Thryptomene duplicata
- Conservation status: Priority One — Poorly Known Taxa (DEC)

Scientific classification
- Kingdom: Plantae
- Clade: Tracheophytes
- Clade: Angiosperms
- Clade: Eudicots
- Clade: Rosids
- Order: Myrtales
- Family: Myrtaceae
- Genus: Thryptomene
- Species: T. duplicata
- Binomial name: Thryptomene duplicata Rye & Trudgen

= Thryptomene duplicata =

- Genus: Thryptomene
- Species: duplicata
- Authority: Rye & Trudgen
- Conservation status: P1

Species of shrub

Thryptomene duplicata is a species of flowering plant in the family Myrtaceae and is endemic to Western Australia. It is a spreading shrub with upward pointing, egg-shaped leaves with the narrower end towards the base, and white flowers with five petals and about fifteen stamens in two whorls.

==Description==
Thryptomene duplicata is a spreading shrub that typically grows to about 0.8 m high and 2 m wide. Its leaves are pointed upwards, overlapping each other and egg-shaped with the narrower end towards the base, about 2.6 mm long and 2.5–3.5 mm wide on a petiole up to 1.0 mm long. The flowers are arranged in pairs or threes on peduncles 0.7–1.4 mm long with egg-shaped bracteoles about 2 mm long that persist until the fruit falls. The flowers are about 6 mm in diameter with egg-shaped sepals about 1.4 mm long, with the narrower end towards the base. The petals are white, about 2 mm long with minute teeth on the edges, and there are about fifteen stamens arranged in two whorls.

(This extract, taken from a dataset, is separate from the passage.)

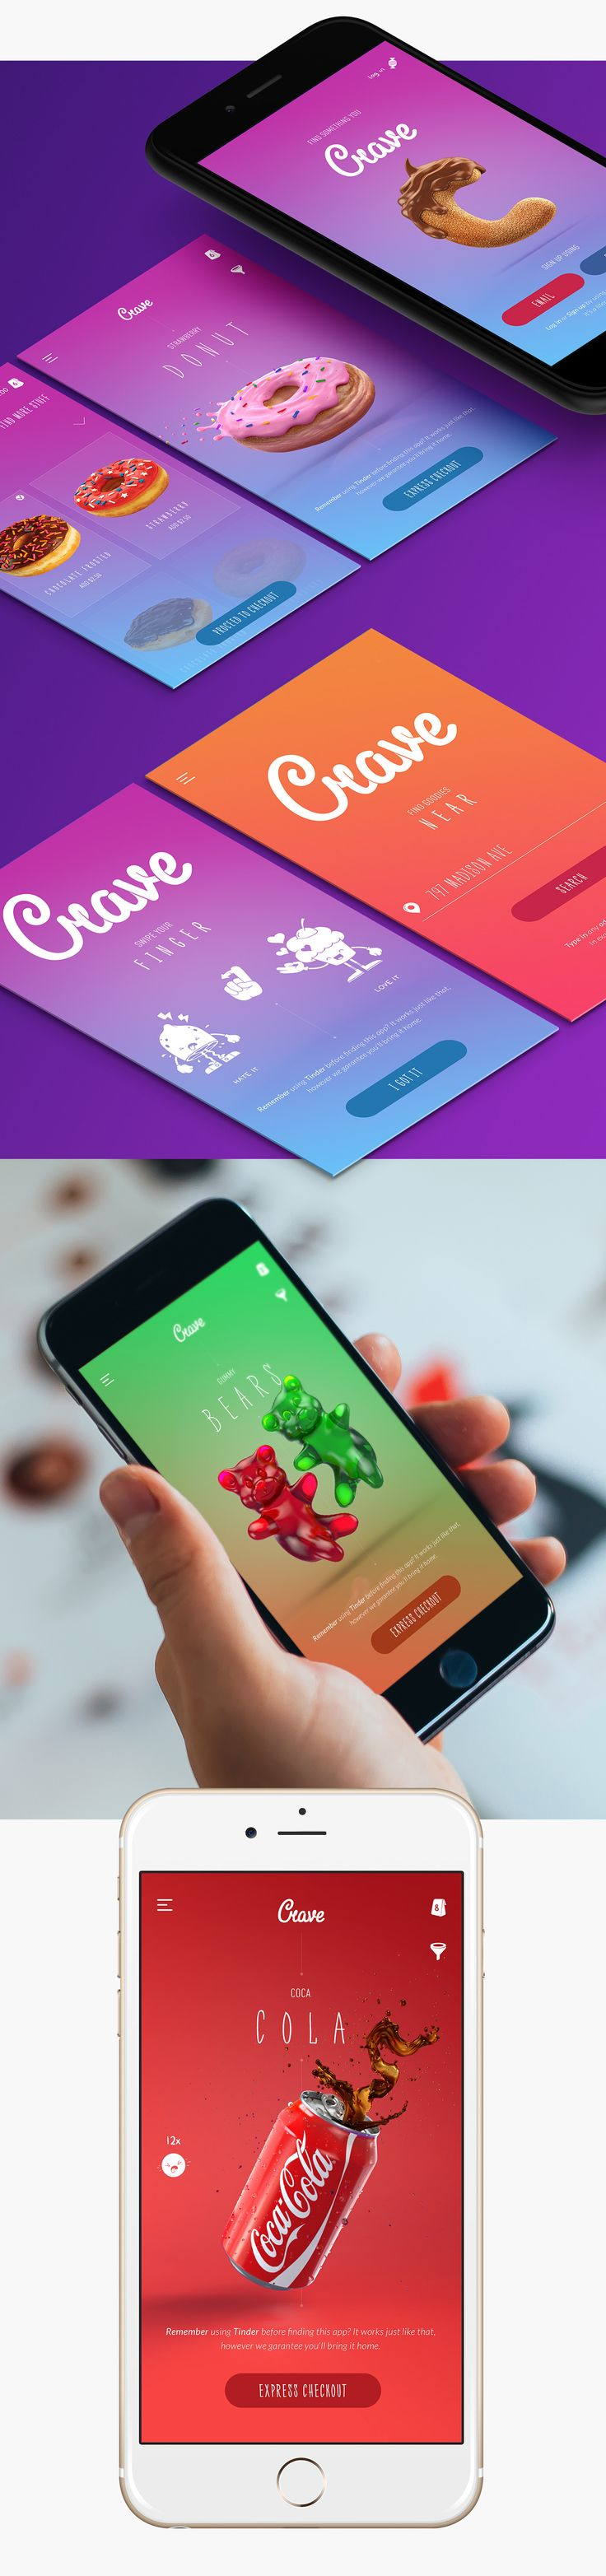 Crave App on Behance

Flowering occurs around December.

==Taxonomy==
Thryptomene duplicata was first formally described in 2001 by Barbara Lynette Rye and Malcolm Eric Trudgen in the journal Nuytsia from specimens collected by Trudgen near Binnu in 1993. The specific epithet (duplicata) means "doubled", referring to the number of stamens compared to that of other thryptomenes.

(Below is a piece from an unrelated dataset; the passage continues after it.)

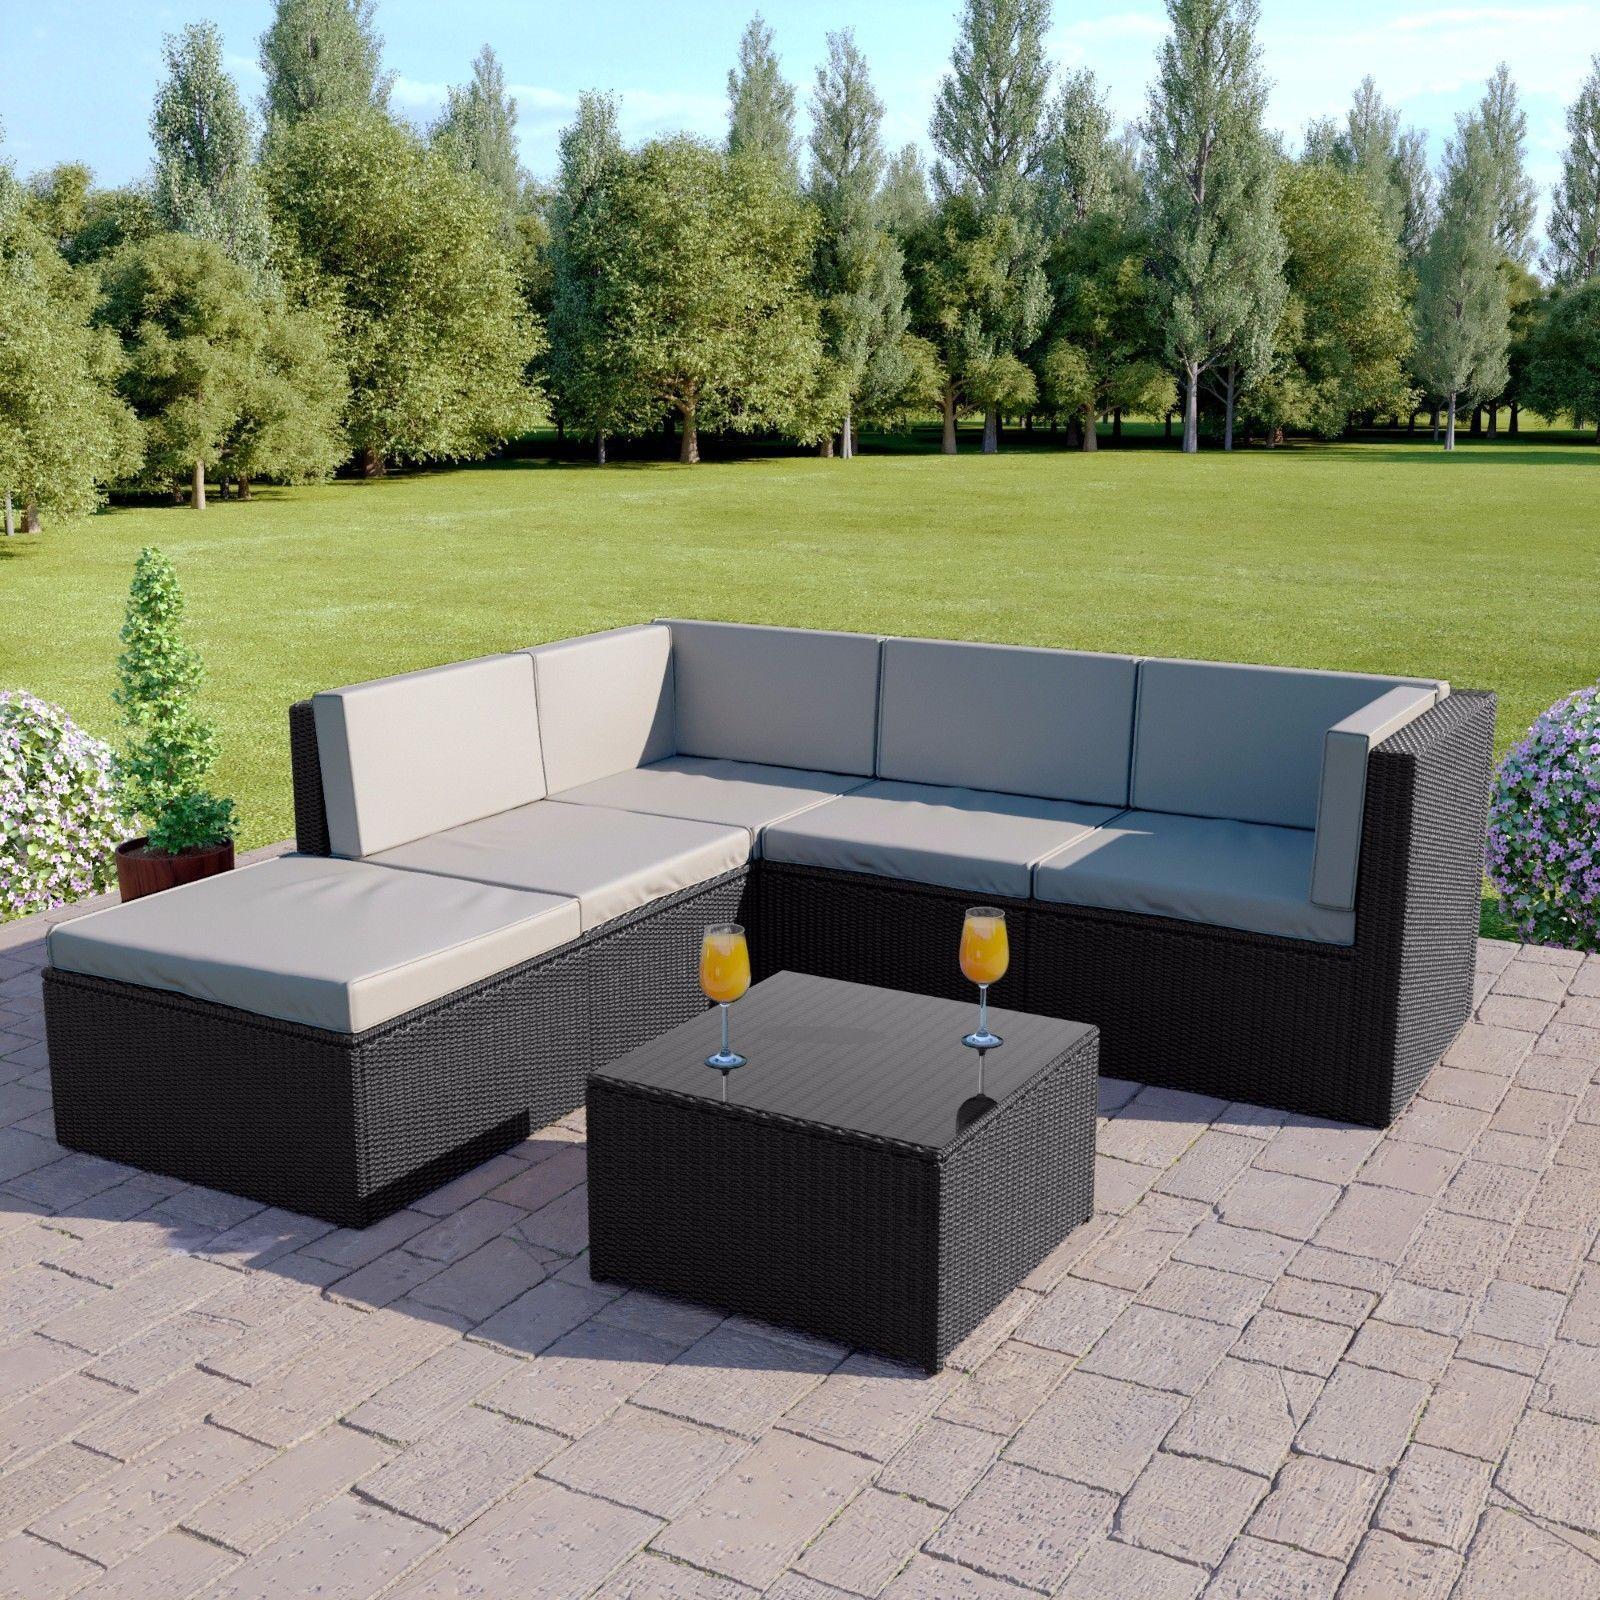 Details About Black Rattan Modular Corner Sofa Set Garden Furniture L Shape Free Cover E Ercis Com Decoration Corner Sofa With Cushions Rattan Corner Sofa Corner Sofa Set

==Distribution and habitat==
This thryptomene is only known from a single population near Binnu where it grows in sandy soil in open shrubland.

==Conservation status==
Thryptomene duplicata is classified as "Priority One" by the Government of Western Australia Department of Parks and Wildlife, meaning that it is known from only one or a few locations that are potentially at risk.